### Problem
Return the data below unaltered, but strip out the pictures.

╭─ The data

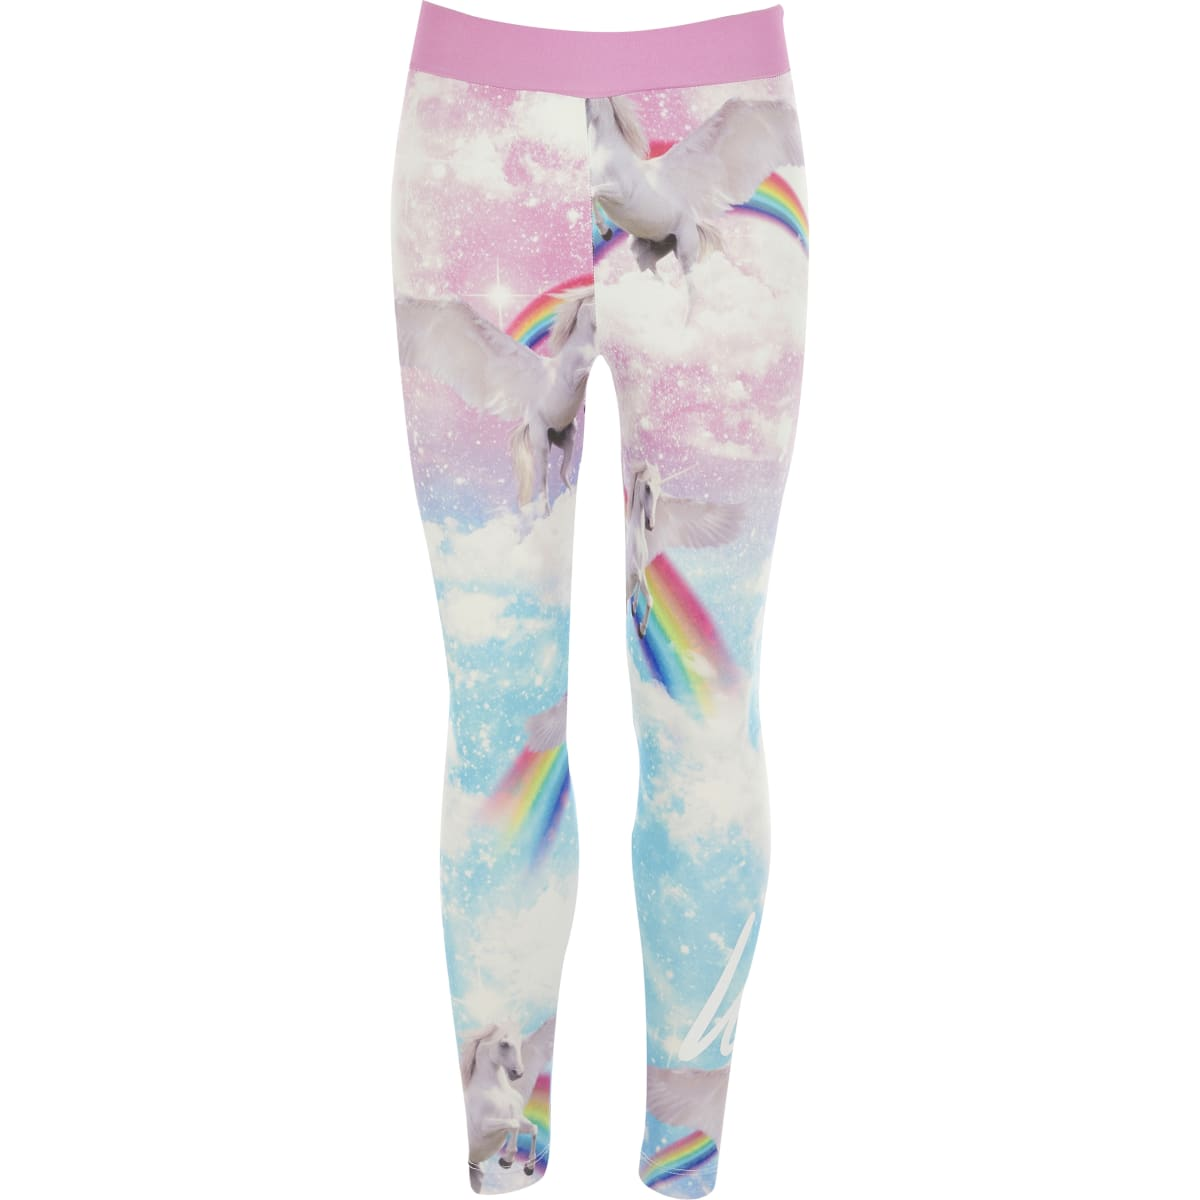 Hype - Roze legging met eenhoornprint voor meisjes
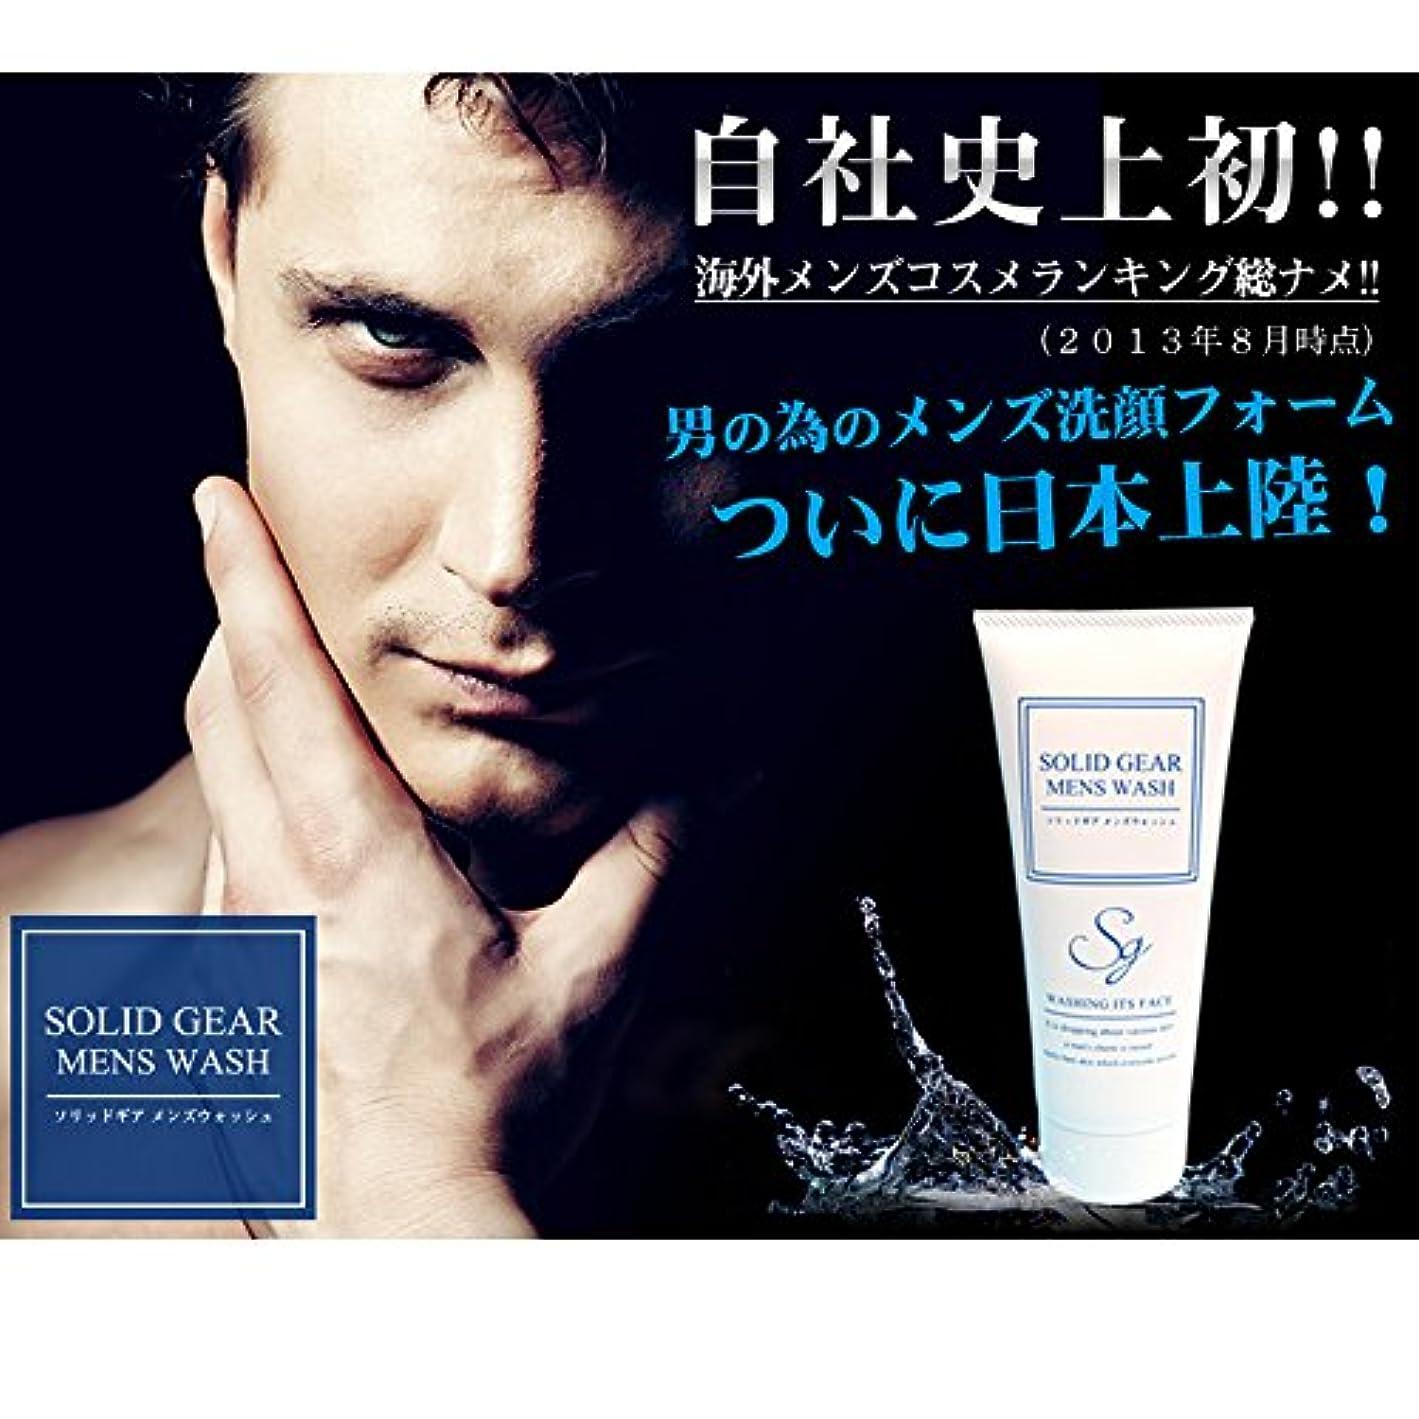 宇宙私たちのもの雇った男性用洗顔フォーム ソリッドギア メンズウォッシュ
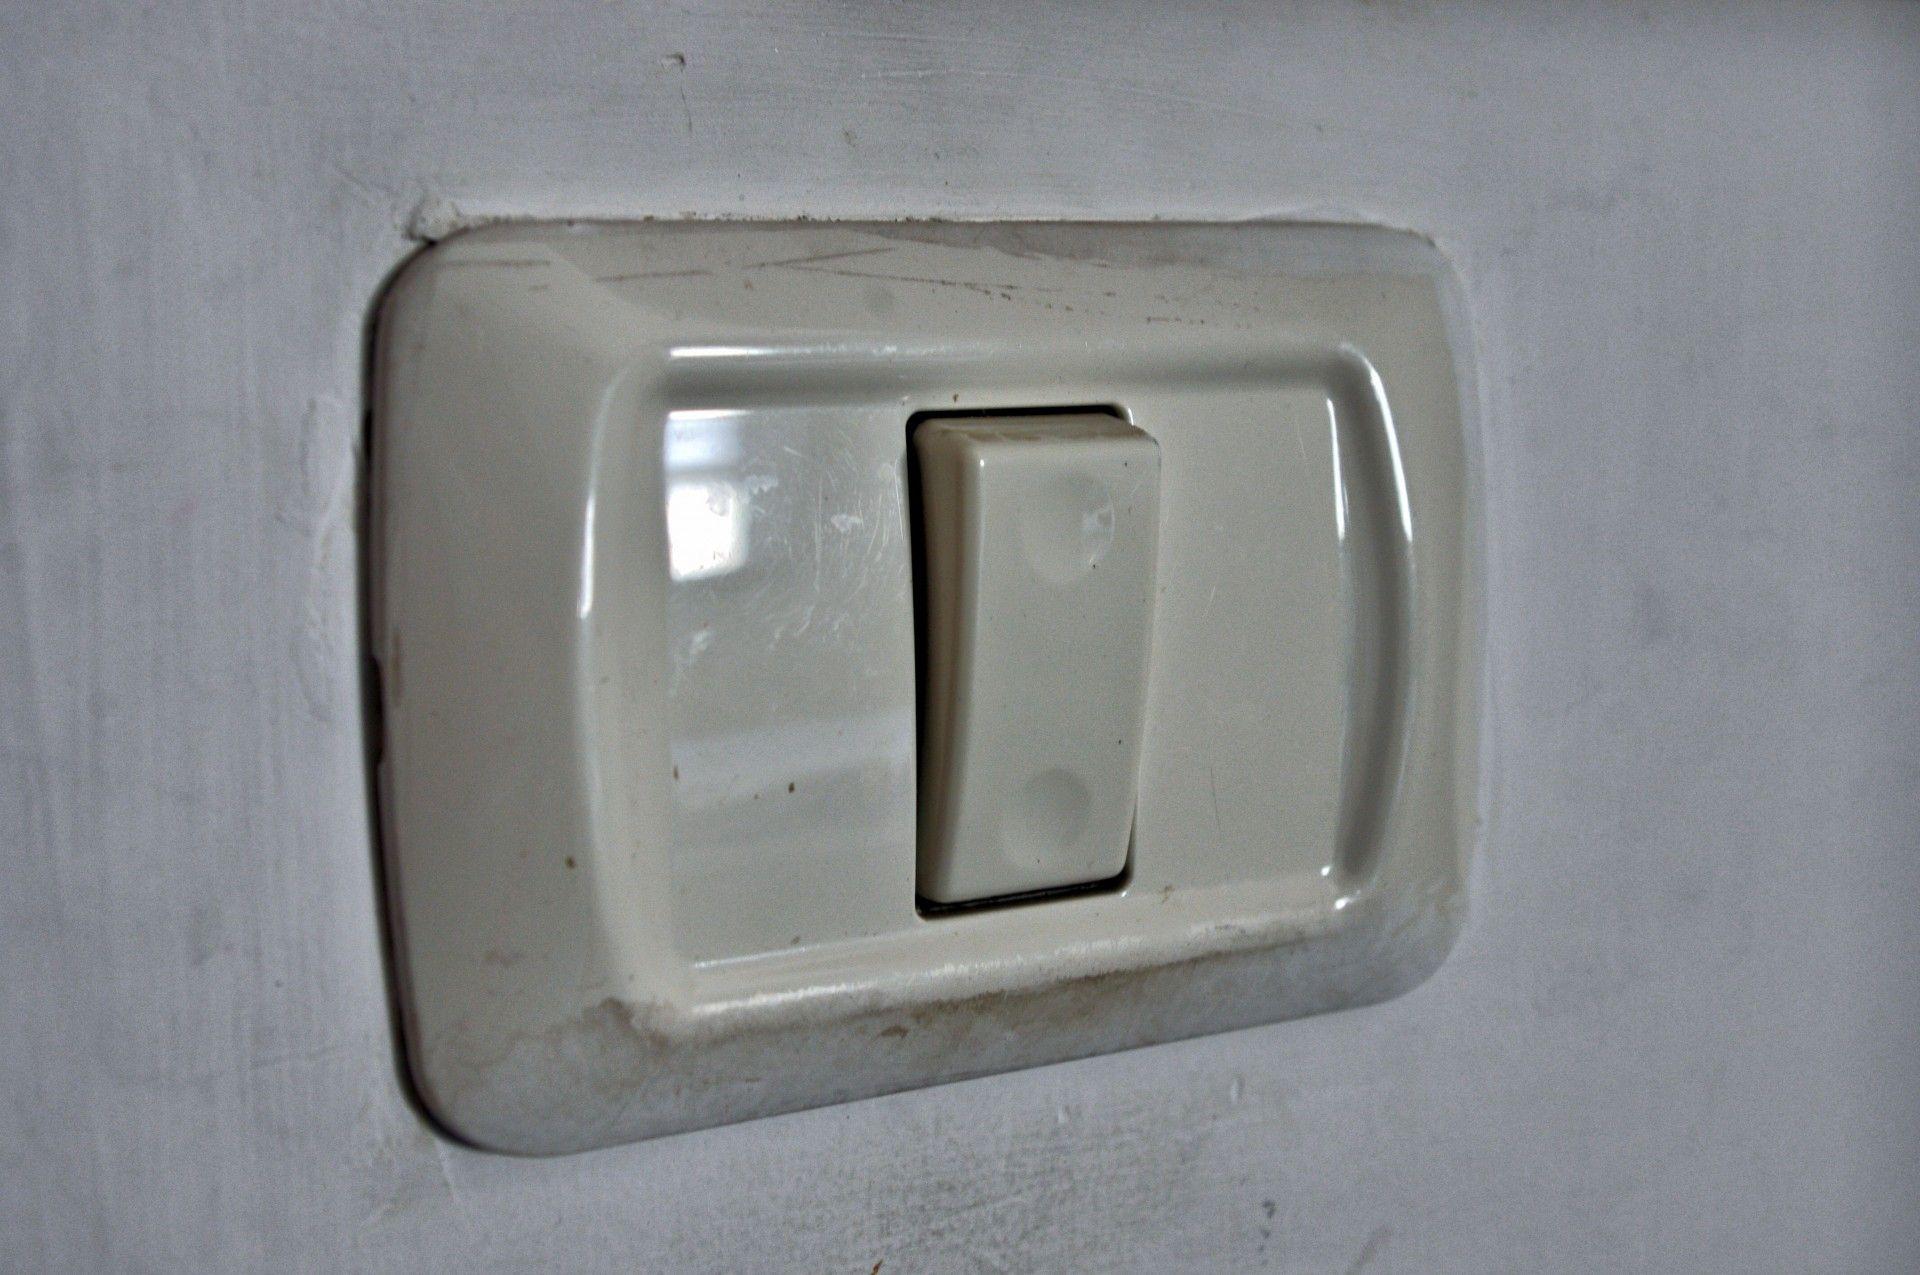 Cómo limpiar los interruptores de tu casa rápido y fácil

╰─

### Solution for this task
 Hype - Roze legging met eenhoornprint voor meisjes
 宇宙私たちのもの雇った男性用洗顔フォーム ソリッドギア メンズウォッシュ
 Cómo limpiar los interruptores de tu casa rápido y fácil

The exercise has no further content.